…Does that mean they’re just myths?
I’ve heard this type of question a lot, and my perception that modern science had proven once and for all that those Bible creation stories were “just myths” was one of the things that prevented me from taking Christianity seriously when I was an atheist. Recently I got a good email from a reader on this subject. She writes (I’m paraphrasing for brevity):
I am a Catholic homeschooling mom who has been reading your blog for a while. One thing I have been wondering is this: how did you come to terms with the argument that Christianity is merely an anthropological construct? So many of the Old Testament stories seem to have parallels in ancient mythology. My kids are now asking these questions as we cover ancient history in our schooling.
This is an important question, so I promptly answered it with: “Phhhft dhurr goo-goo.” (I’d had another long night with the baby and seemed to have misplaced my brain that day.) Thinking that that might not be an entirely satisfying answer, I did what I often do when I’m not able to articulate an answer to a question as I’d like: I emailed regular commentor Steve G. As usual, he had a great answer. He writes:
First of all, read the post Adam, Noah, and Science by Jimmy Aiken. He does a far better job of handling the historicity issue better than I ever could, but I am not so sure that really addresses her question. It gives some context that is needed for further discussion though. Reading the comments to this post might also be helpful.
To answer the question more broadly, however, let’s start with discussing mythology in general. I think it’s important to keep in mind the context of what mythology really is. Ancient mythology is not the equivalent of modern day fantasy. Mythology was not simply a set of fantastic stories meant to entertain. They were vehicles by which societies passed on the truths they believed. They were stories that explained how the world worked and why it was the way it was. Most, if not all, ancient societies had these mythic explanations for the basic understanding they had of why we existed, how the world came into being, etc.
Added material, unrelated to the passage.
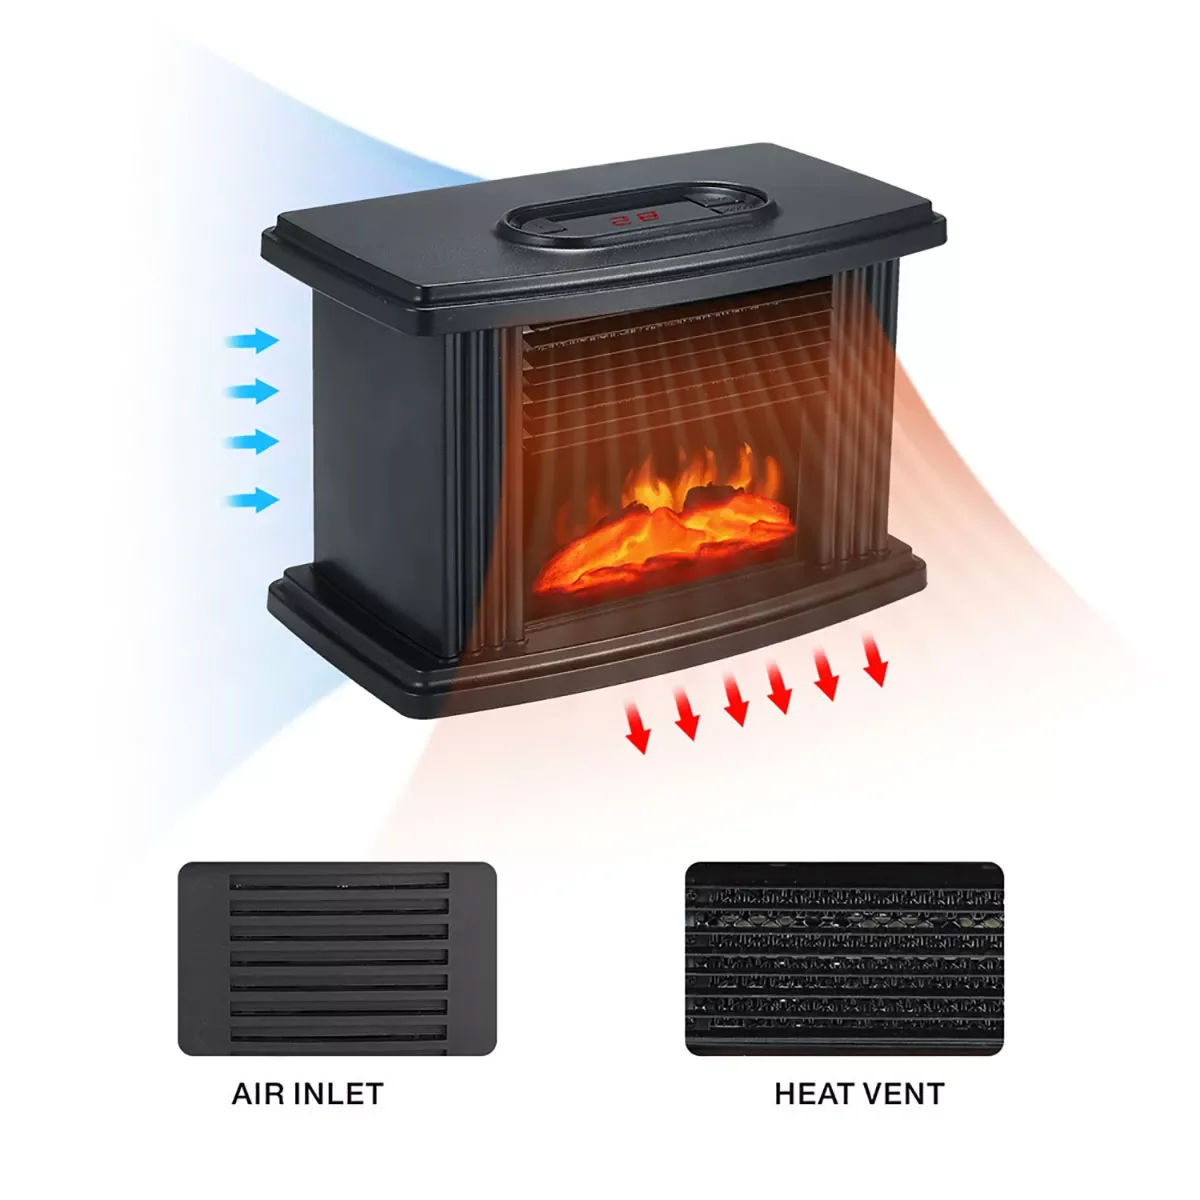 

1000W Electric Fireplace Heater Portable 3 Gear Desktop Flame Heater Stove Air Warmer Fan For Living Room Bedroom Home Heaters

The ancient Hebrews were not different in that regard, and I think we have to read parts of Genesis (especially the early parts) with that in mind. These chapters were events that occurred before Abraham and in many regards are the mytho poetic telling of the Hebrews regarding the creation of the universe, man, and why the world was in the state it was (the fall).
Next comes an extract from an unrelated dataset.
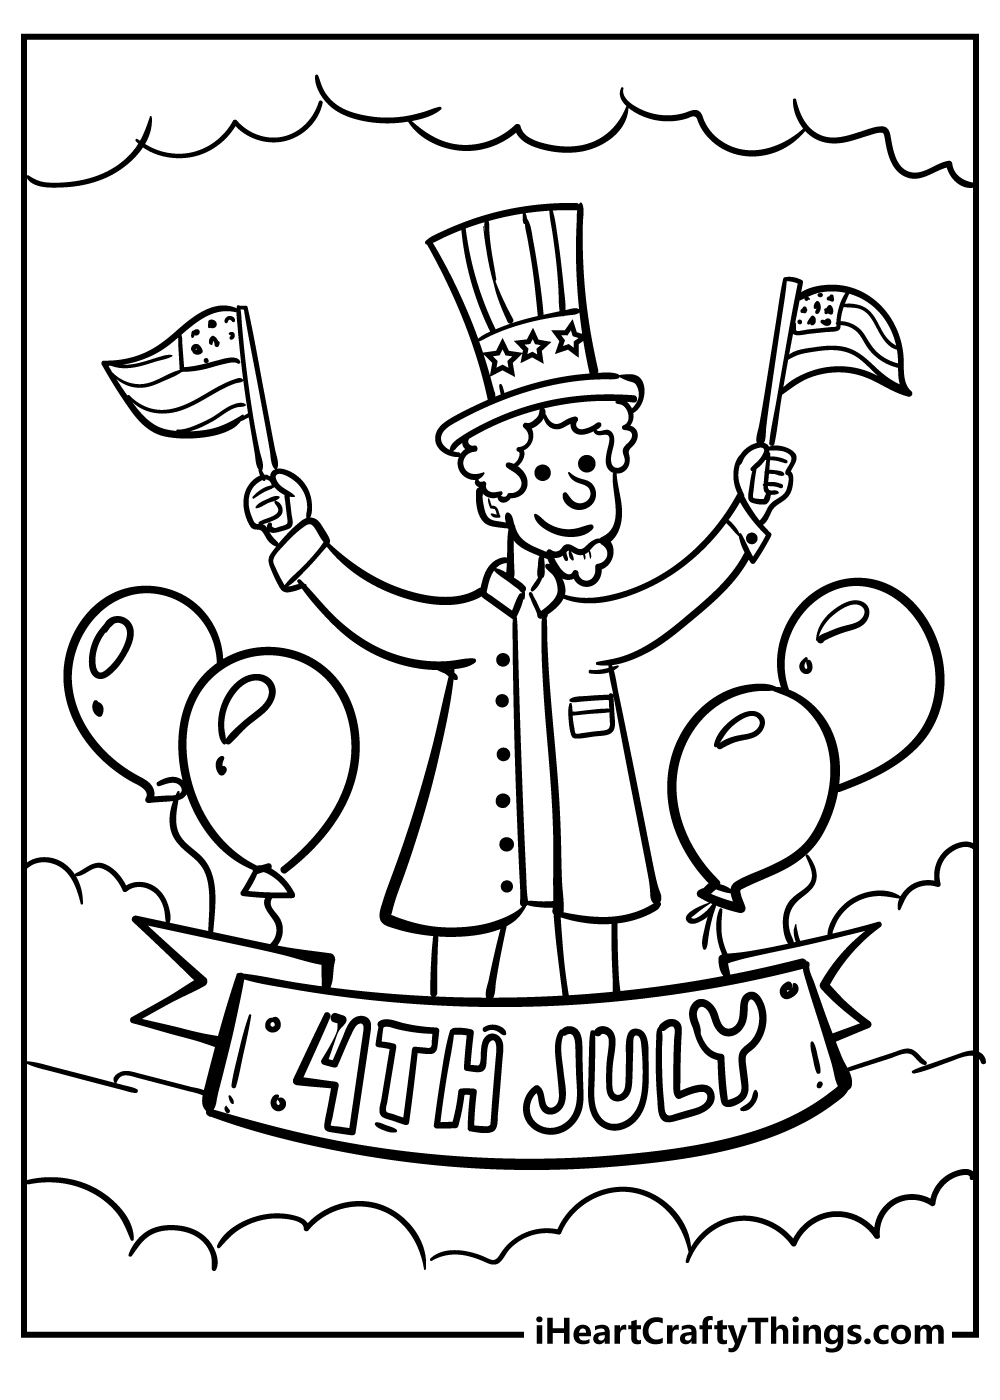 4th of July coloring pages free printable

It shouldn’t surprise us in the least that the mythic telling of different cultures have commonalities. If God truly created us and we have a common humanity, many of the truths we discover should be common as well.
Think of it like this:
Let’s say the Catholic faith is advanced Calculus in terms of mathematics. Part of the base mathematics that are used are very simple operations. Adding, subtracting, multiplication.
Now, if we encounter another society that has a much more primitive understanding of mathematics, maybe pre-algebra level…should it surprise us when we look at that basics, that they too use adding, subtracting, etc? Should that fact give us any concern that perhaps our math is wrong because of the commonality?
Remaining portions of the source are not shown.